Altered microbiome after caesarean section impacts baby's immune system
Together with colleagues from Sweden and Luxembourg, scientists from the Luxembourg Centre for Systems Biomedicine (LCSB) of the University of Luxembourg have observed that, during a natural vaginal birth, specific bacteria from the mother's gut are passed on to the baby and stimulate the baby's immune responses. This transmission is impacted in children born by caesarean section. "This may explain why, epidemiologically speaking, caesarean-born children suffer more frequently from chronic, immune system-linked diseases compared to babies born vaginally," says the head of the study Associate Prof. Paul Wilmes. His team has now published its results in the open access journal Nature Communications.
Humans are born germ-free. Yet, birth is normally the time when vitally important bacteria start to colonise the body including the gut, skin and lungs. Researchers have long suspected that this early colonisation sets the course for one's later health.
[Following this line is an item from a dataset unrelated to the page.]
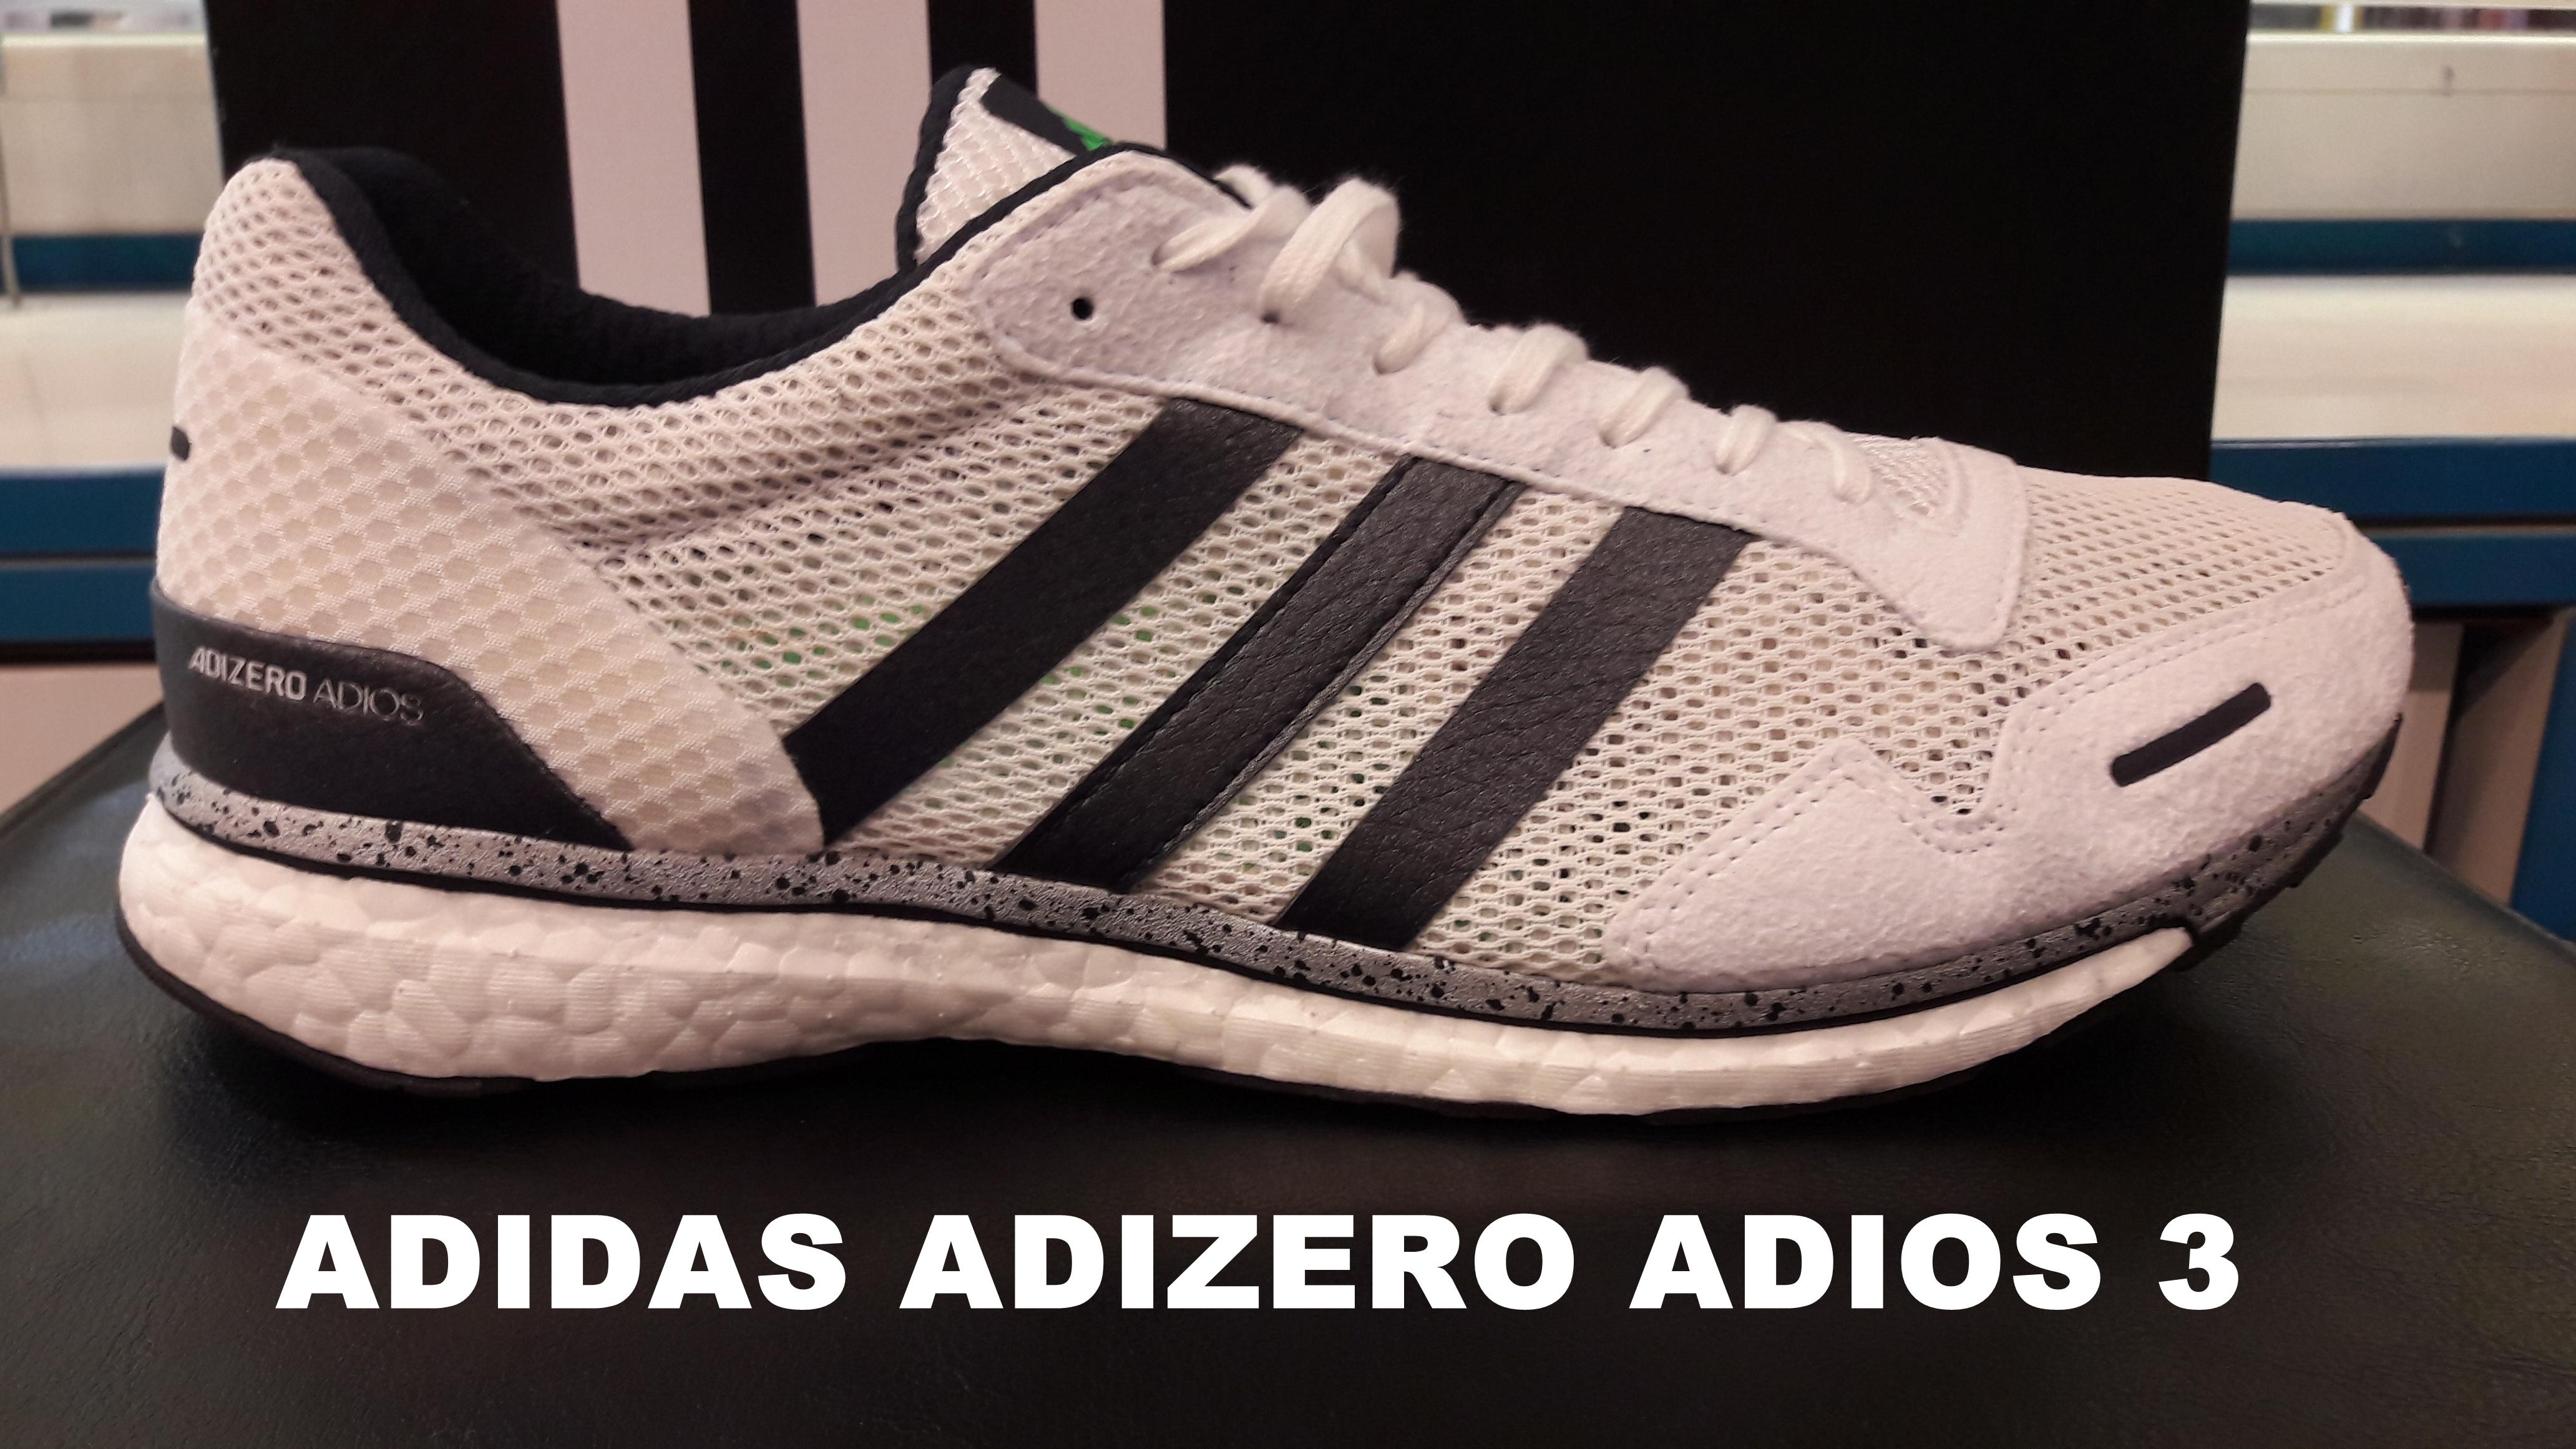 big sale 2e9cf 33034 La Adidas Adizero Adios 3 continúa extendiendo su reinado. A día de hoy,  todas las categorías de zapatillas de running tienen un nivel de  competencia que no ...

It could be, however, that a caesarean section prevents certain bacteria, ordinarily interacting with the baby's immune system, from being passed on from the mother to the new-born. Paul Wilmes, head of the Eco-Systems Biology research group at the LCSB, and his colleagues have now found the first evidence of this in a study of new-borns—half of whom were delivered by caesarean section. Wilmes reports: "We find specific bacterial substances that stimulate the immune system in vaginally born babies. In contrast, the immune stimulation in caesarean children is much lower either because the bacterial triggers are present at much lower levels or other bacterial substances hamper these initial immune reactions to happen."
This bacterial coloniser-immune system link—together with other factors—could explain why caesarean section babies are statistically more prone to develop allergies, chronic inflammatory diseases and metabolic diseases. "It could be that the immune system of these children is set on a different path early on," suggests Paul Wilmes. "We now want to further investigate this link mechanistically and find ways by which we might replace the lacking maternal bacterial strains in caesarean-born babies, e.g. by administering probiotics."
"Of course, it is already clear that we should not intervene too strongly in the birth process. Babies should only be delivered by caesarean section when it is medically necessary", Paul Wilmes stresses. "We need to be aware that, in doing so, we are apparently intervening massively in the natural interactions between humans and bacteria."